SKorea Boosts Exporters with $137Bn Aid and Visas for Chinese Tourists

skorea boosts exporters with 137bn aid and visas for chinese tourists.jpg Business

In a bold move to stimulate exports and tourism, South Korea’s finance ministry has announced a provision of up to 181 trillion won ($137 billion) in affordable loans for exporters, effective until the end of this year. The ministry’s strategy also involves waiving visa processing fees for Chinese tourists, a move designed to boost tourism and the country’s economy.

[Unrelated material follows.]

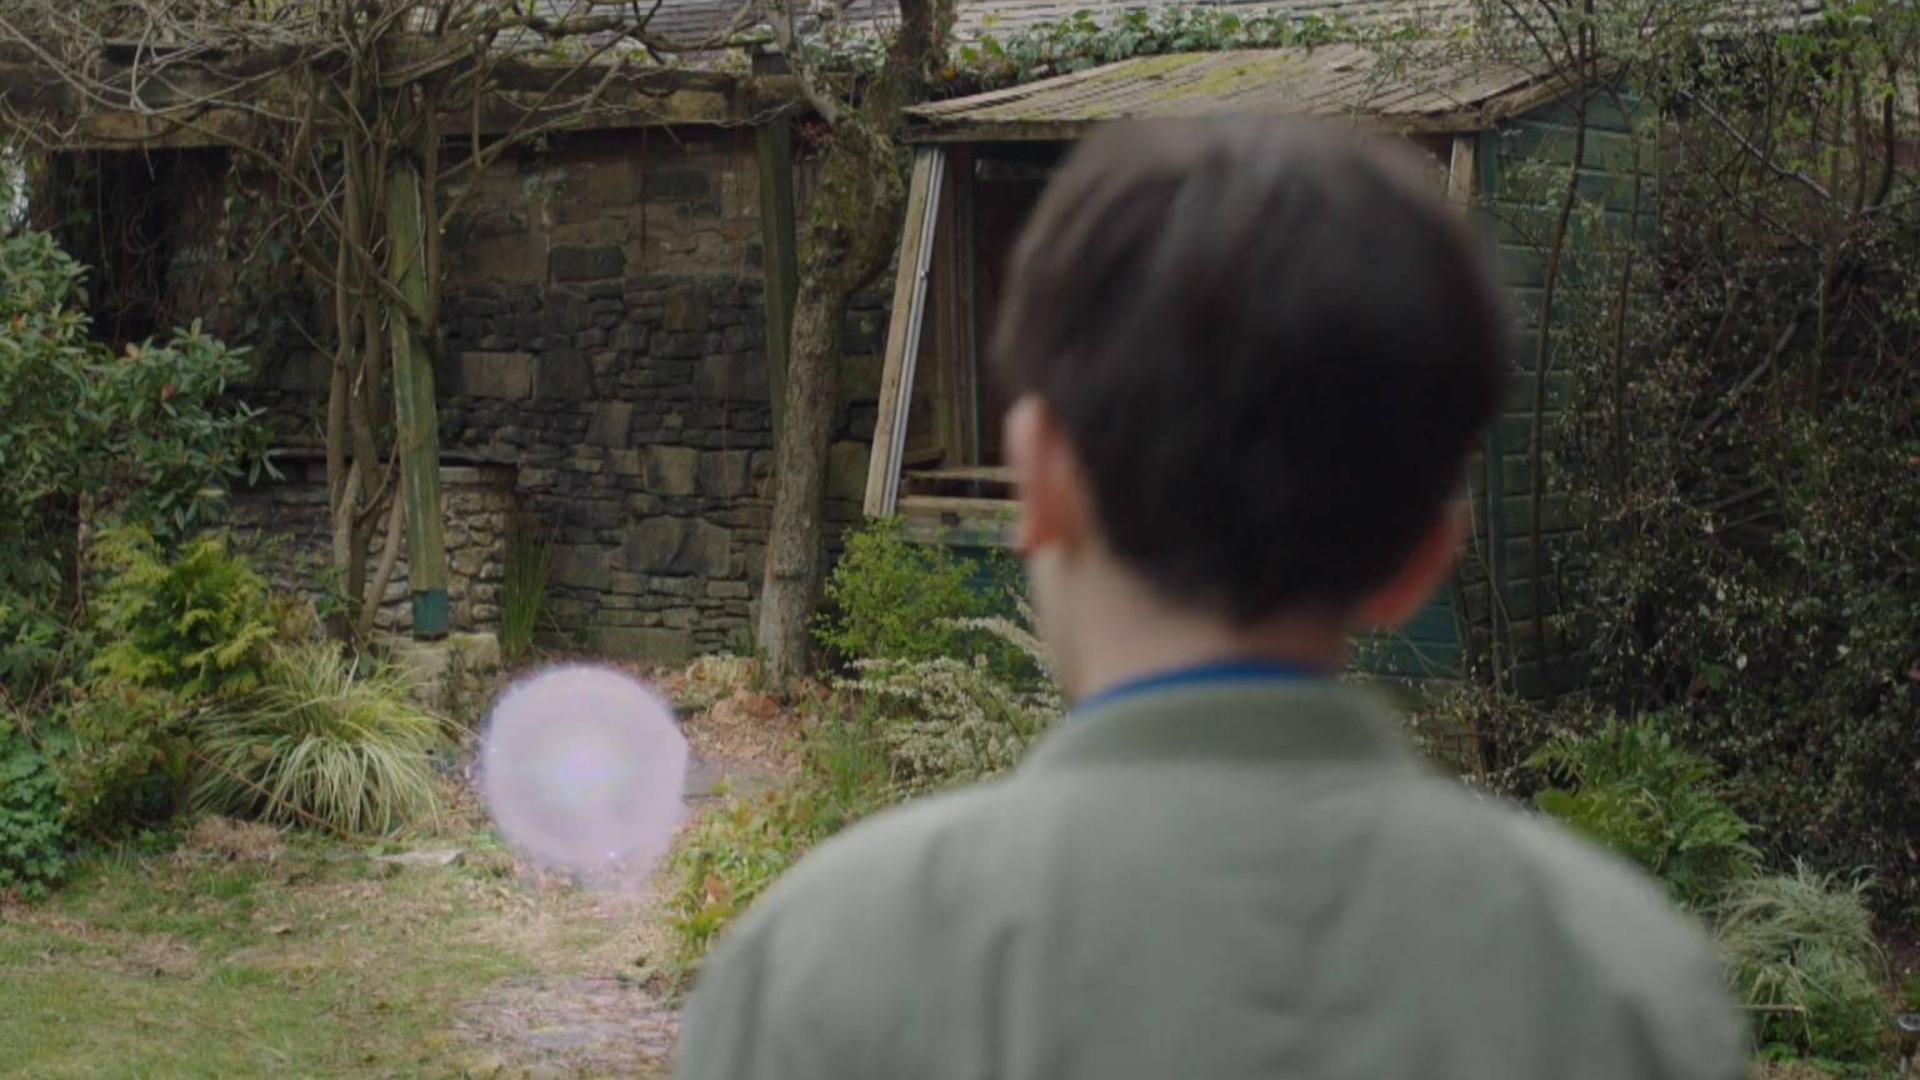 男孩发现一只奇怪的光球,用手一摸怪事发生了《猎奇怪谈:名叫雷德的男孩》

The government is mapping out plans to increase the influx of Chinese tourists, aiming to raise the current figures from one million to 1.5 million per month. This increase in tourism is expected to be achieved through expedited visa fee waivers and a series of coordinated tourist events with retailers. With exports predicted to swing to growth in the fourth quarter, the finance minister, Choo Kyung-ho, remains optimistic about the country’s trade balance.

South Korea to Boost Exports and Tourism with Economic Stimulus Measures

South Korea is set to inject 181 trillion won ($137 billion) into its economy by the end of 2019, offering low-interest loans to exporters and waiving visa fees for Chinese tourists, according to a statement from the finance ministry on Monday.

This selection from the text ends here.